Efforts will be made to ensure that businesses have continued access to credit despite the uncertainty brought about by the coronavirus outbreak, said Deputy Prime Minister and Finance Minister Heng Swee Keat yesterday.
The Government will increase its risk share of loans taken under several loan financing schemes announced or enhanced in Budget 2020 in February and Resilience Budget last month to 90 per cent, up from 80 per cent.
This applies to loans initiated under the Temporary Bridging Loan Programme, the SME Working Capital Loan programme, and the Enterprise Financing Scheme - Trade Loan scheme from tomorrow to March 31, 2021.

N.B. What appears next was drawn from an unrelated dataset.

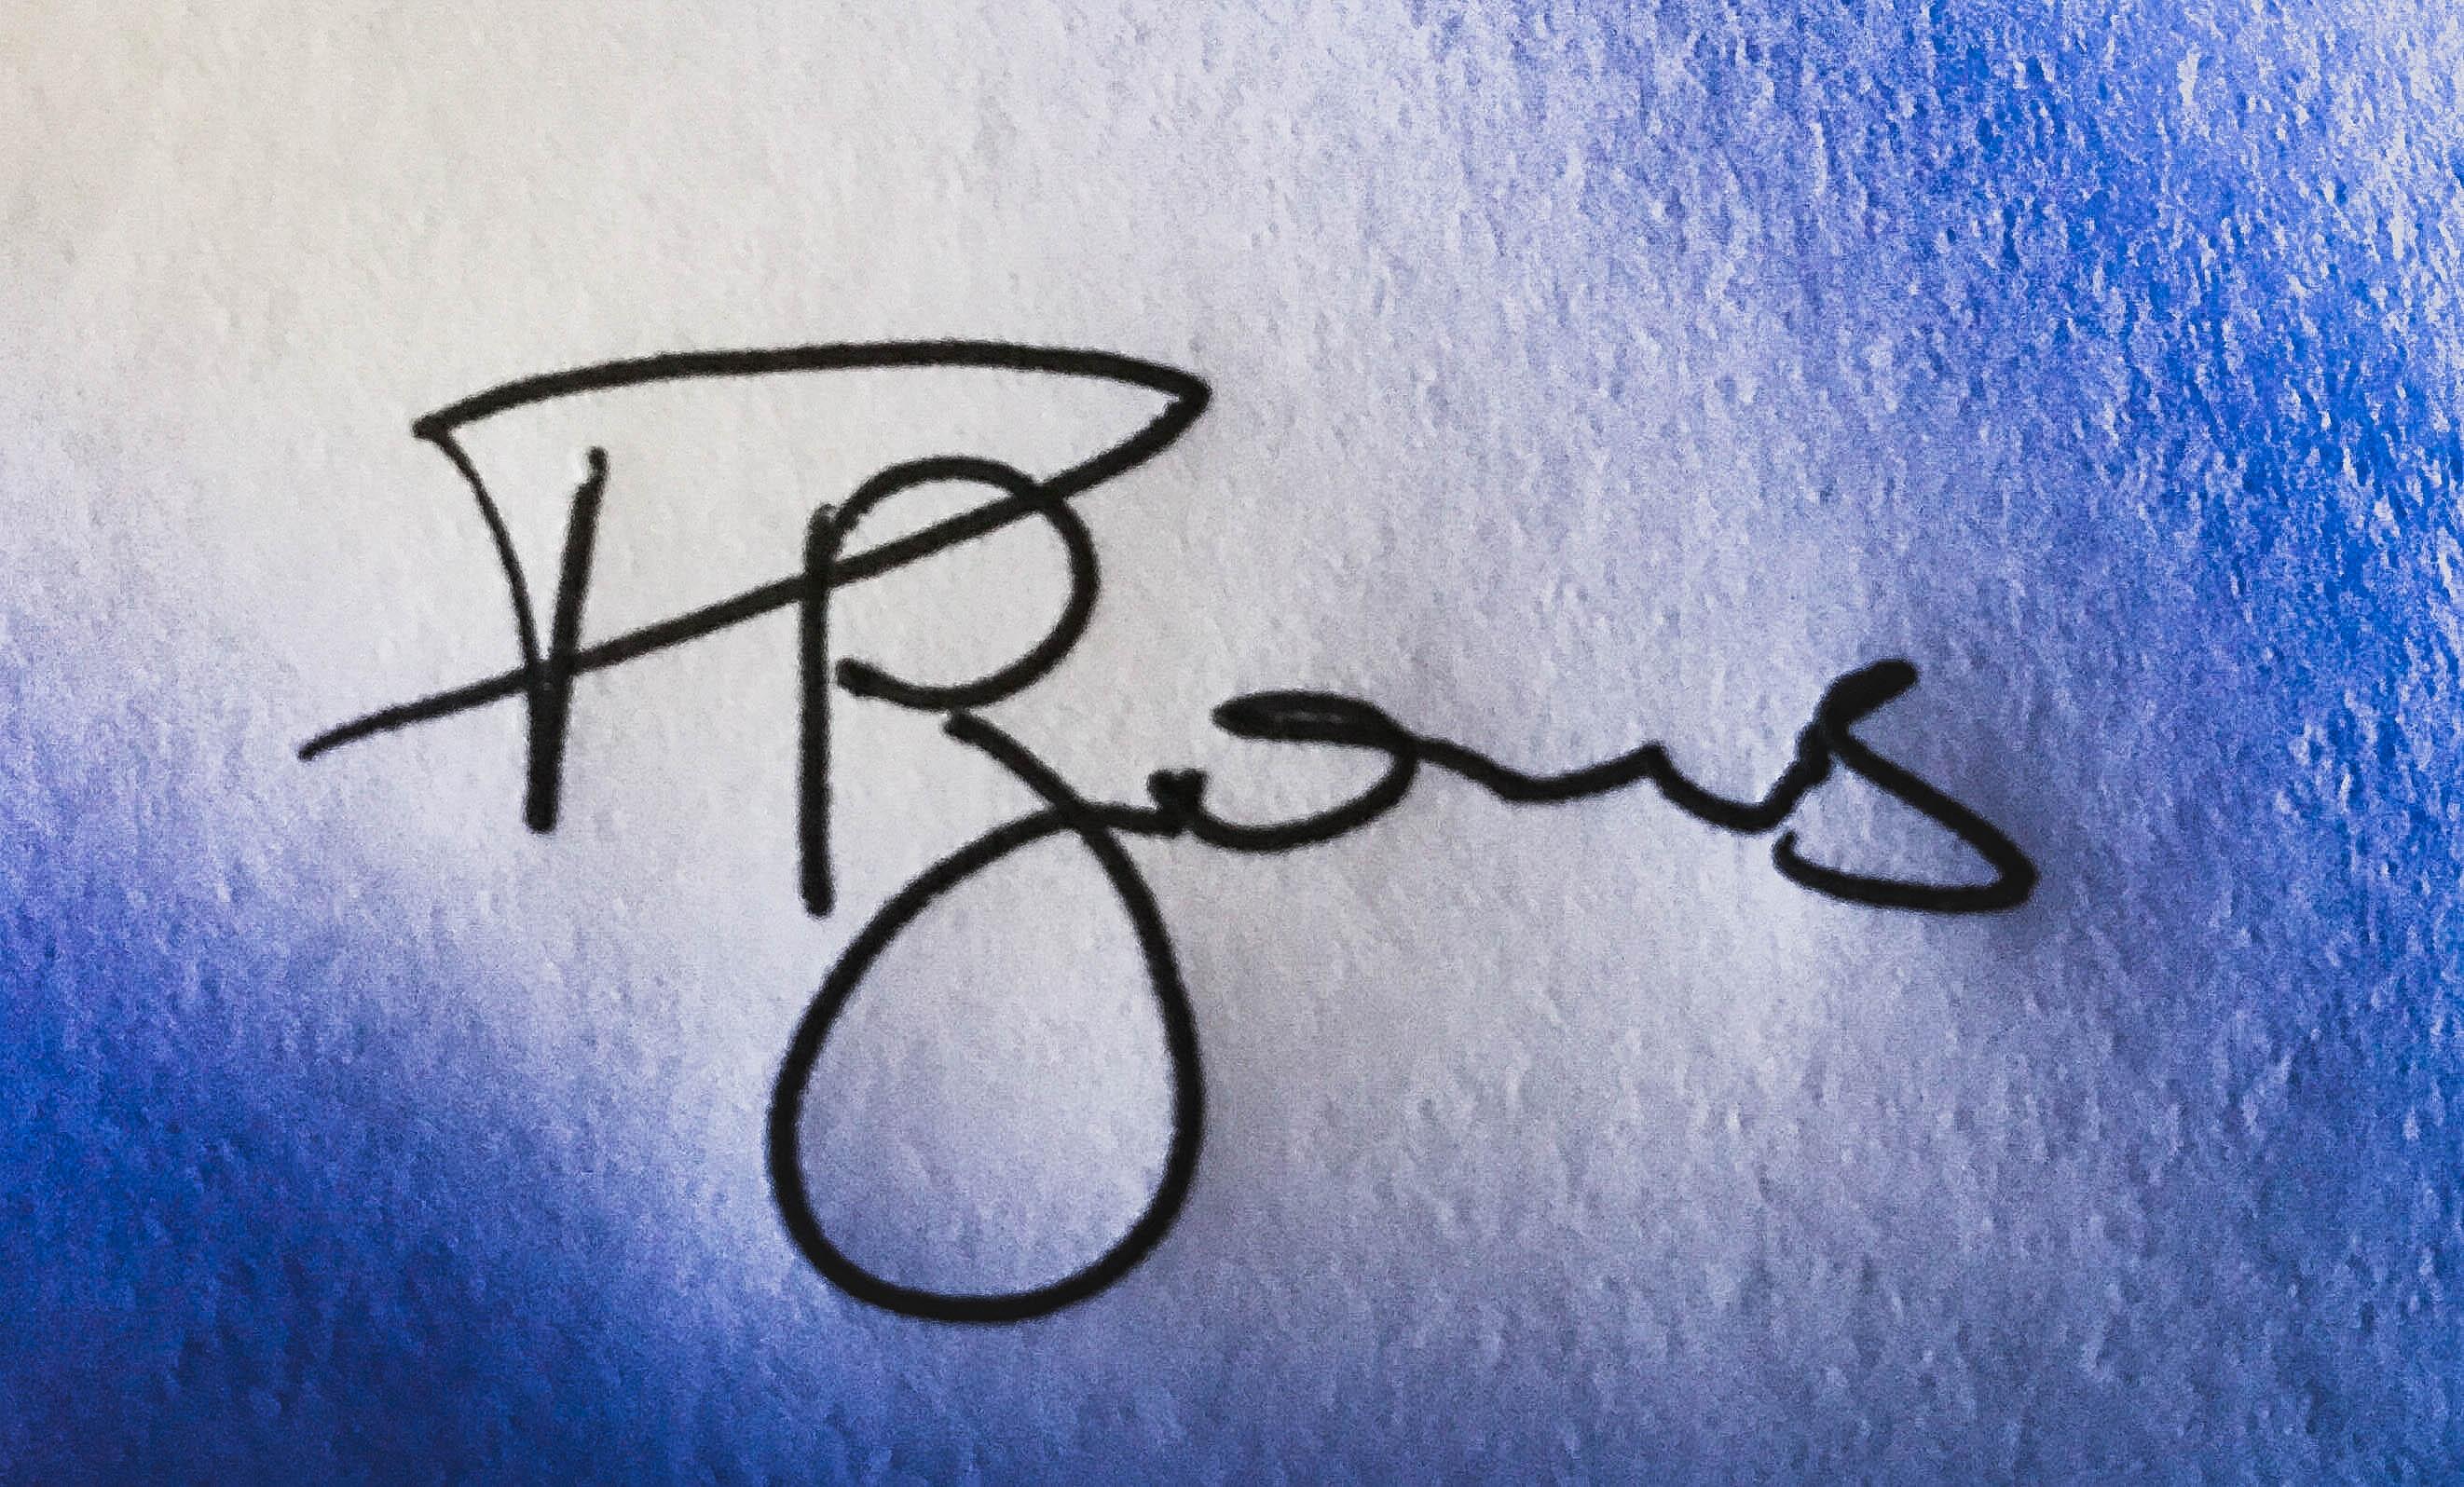 prj creations's Signature

The measure announced in Parliament yesterday aims to lend businesses additional support to cope with the "circuit breaker" measures amid the Covid-19 outbreak and to resume activities after the measures are lifted.
"The economy needs support and intervention in many different forms to go through this rough patch," said Mr Heng. "I urge all businesses, landlords, financial institutions and industry players to do your part in channelling the Government's support measures to firms, workers and households."
The "circuit breaker" measures will see most companies, apart from those in essential services, operating at a reduced level from today for close to a month.
Mr Heng noted that the Monetary Authority of Singapore (MAS), alongside financial institutions, has introduced a package of measures to help small and medium-sized enterprises (SMEs) with temporary cash-flow difficulties. For example, SMEs can now opt to defer principal payments on their secured term loans until the end of 2020.
More than $40 billion of SMEs' existing loans are likely to qualify for this relief, said Mr Heng.
He added that banks and finance companies may also apply for low-cost funding through a new MAS Singapore Dollar facility, for new loans granted under the SME Working Capital Loan and Temporary Bridging Loan programmes.
They must commit to pass on the savings to borrowers if they use this facility for funding, Mr Heng said.
Responding to the $5.1 billion Solidarity Budget unveiled yesterday, Singapore Business Federation chief executive Ho Meng Kit said: "The Solidarity Budget is immediate, direct and substantial help which our businesses need so as to survive the circuit breaker period and save jobs."
The business chamber has launched a helpline to help companies navigate coronavirus-related government advisories for businesses and is also working on a programme to help companies build business resilience for the present challenges and the long term, he added.
The Singapore International Chamber of Commerce (SICC) called the Solidarity Budget "an appropriate, rational and fast response", noting the swift announcements of the three packages to help Singaporeans cope with Covid-19 in successive months.
But there remains a need for more banks to step up and support more SMEs, by providing loans without demanding that SME owners mortgage their homes, the SICC said, especially with the enhanced security of the Government taking on a higher risk share.